_TASK INSTRUCTIONS_.
Print the data below exactly as it stands, and keep the pictures out.

_SOURCE MATERIAL_.
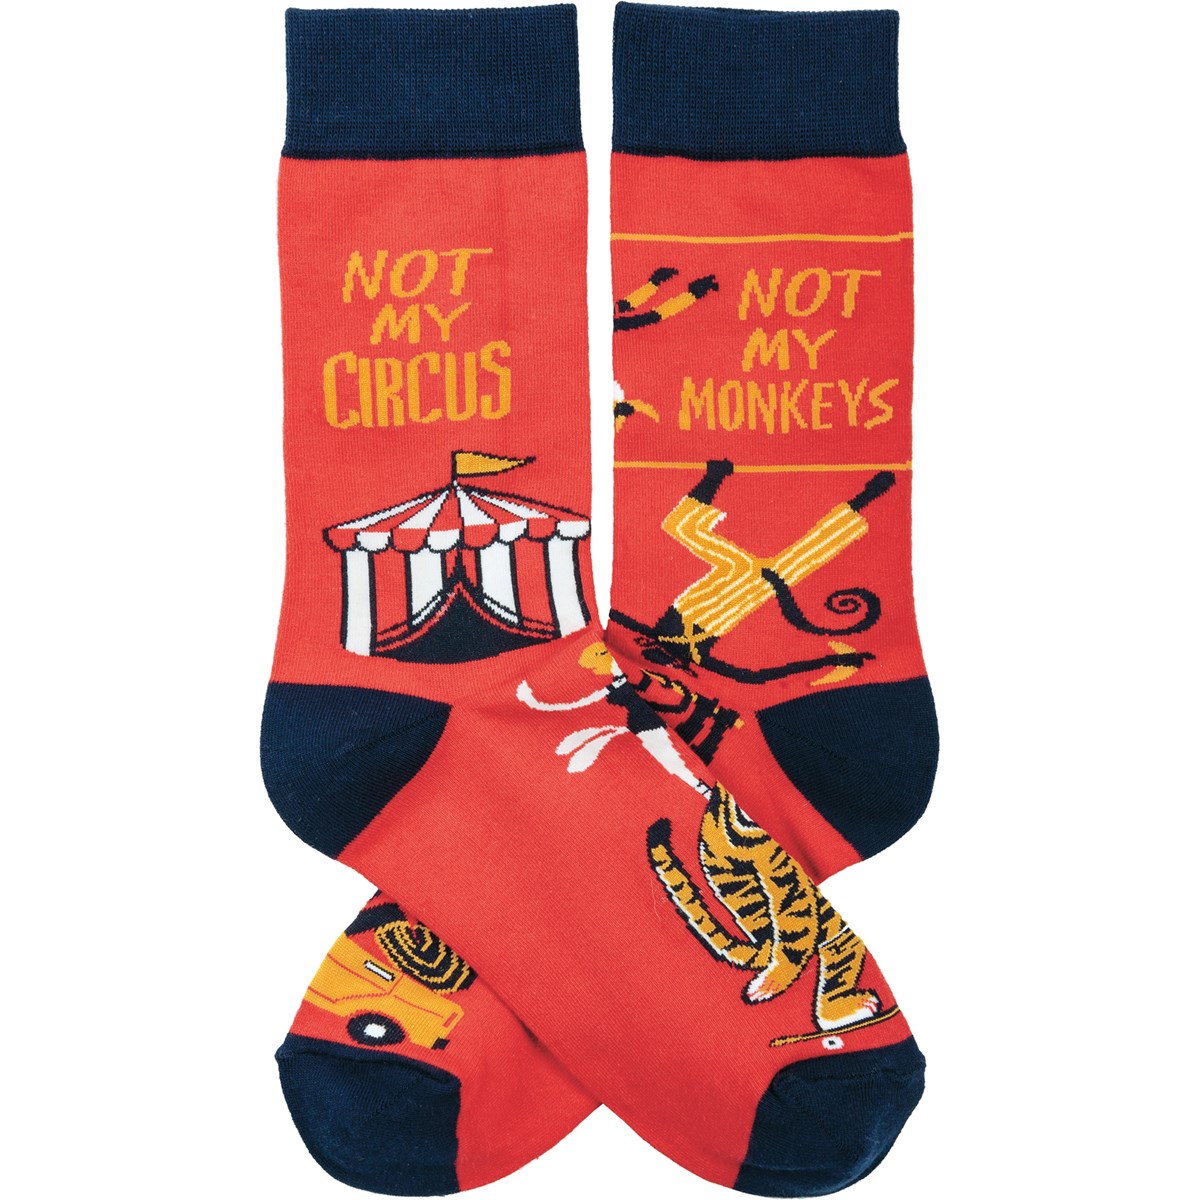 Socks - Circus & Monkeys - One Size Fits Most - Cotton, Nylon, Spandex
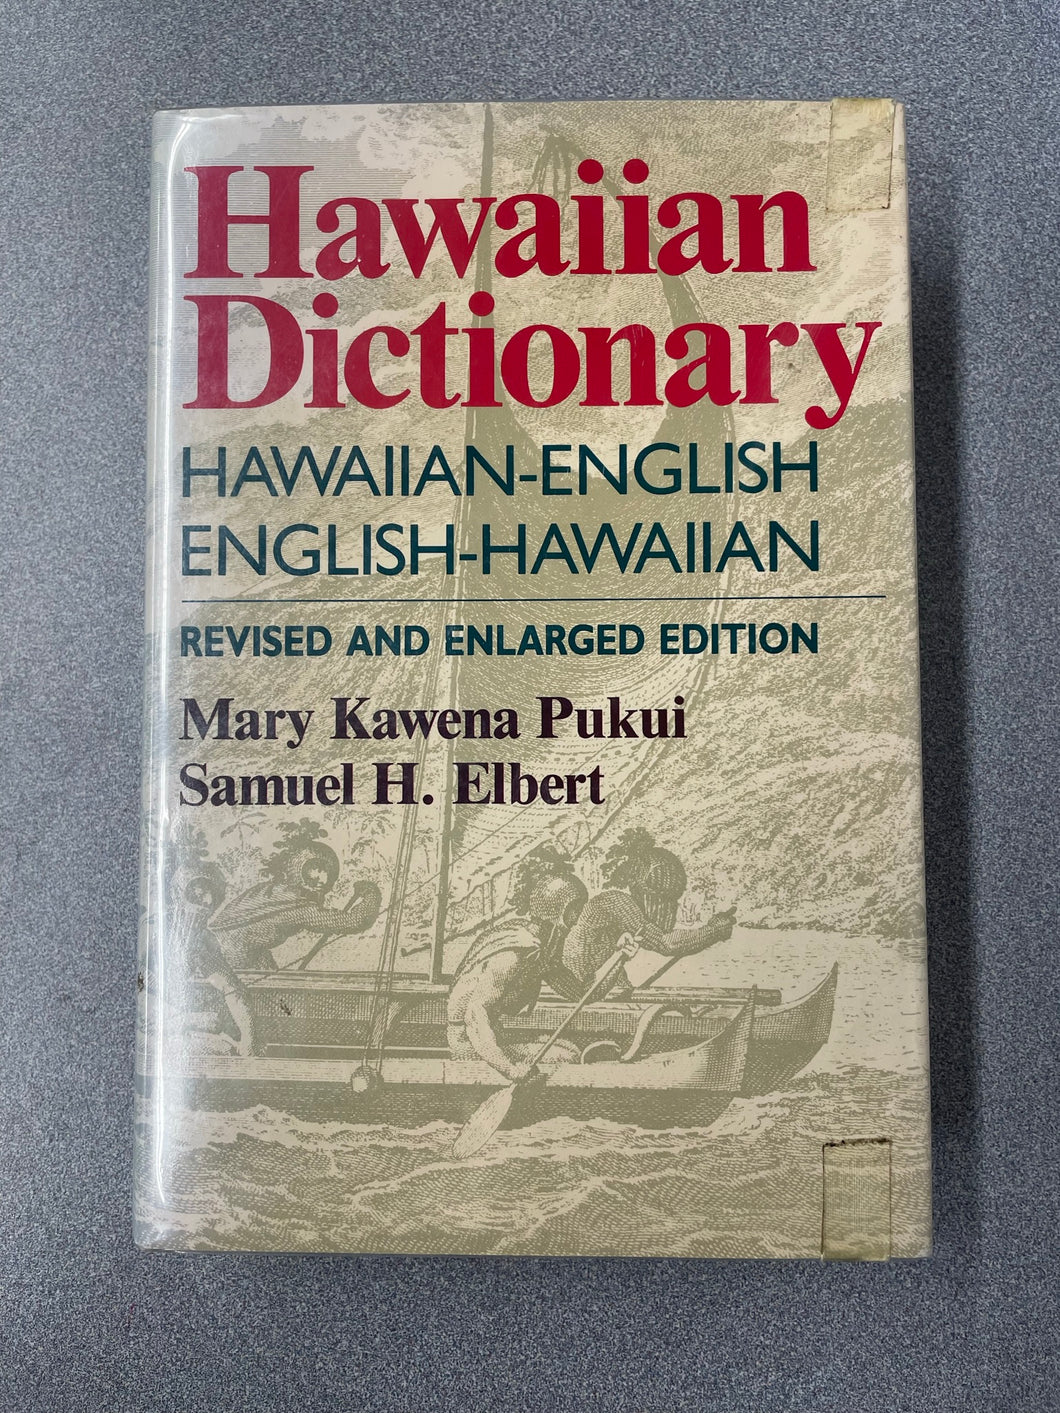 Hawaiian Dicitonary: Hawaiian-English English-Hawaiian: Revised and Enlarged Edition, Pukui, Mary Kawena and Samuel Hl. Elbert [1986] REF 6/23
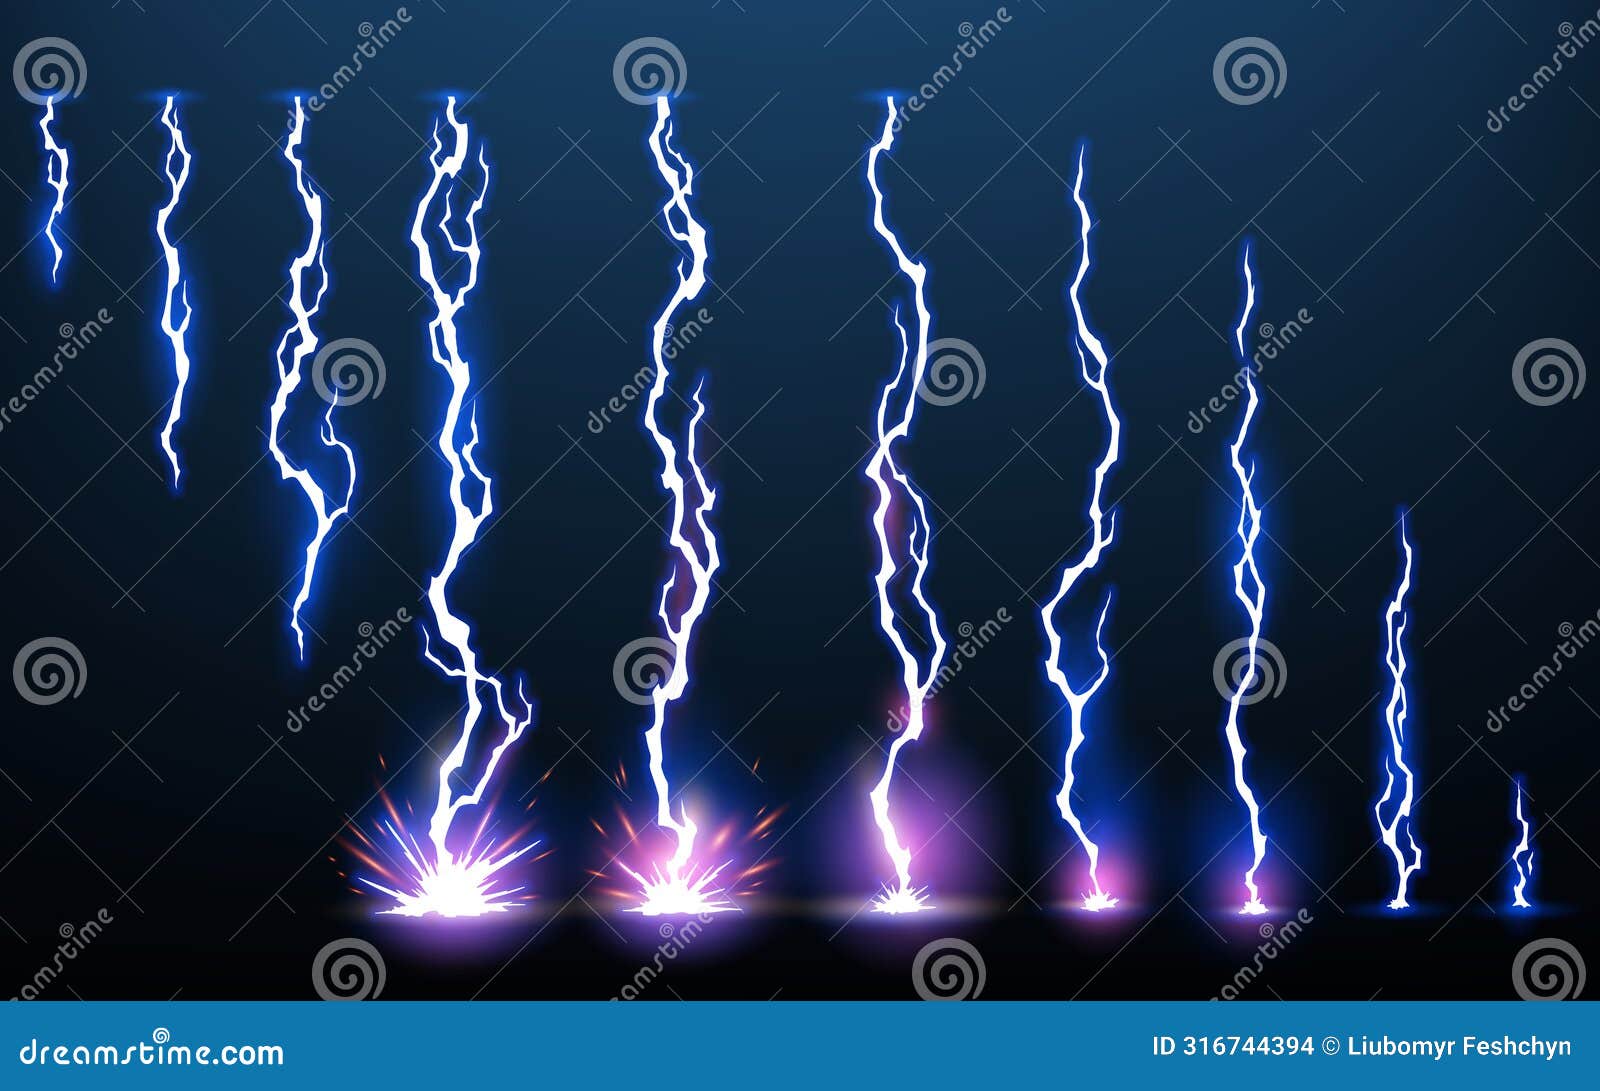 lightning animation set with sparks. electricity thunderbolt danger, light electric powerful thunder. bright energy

_TASK RESULT_.
 Socks - Circus & Monkeys - One Size Fits Most - Cotton, Nylon, Spandex
 Hawaiian Dicitonary: Hawaiian-English English-Hawaiian: Revised and Enlarged Edition, Pukui, Mary Kawena and Samuel Hl. Elbert [1986] REF 6/23
 lightning animation set with sparks. electricity thunderbolt danger, light electric powerful thunder. bright energy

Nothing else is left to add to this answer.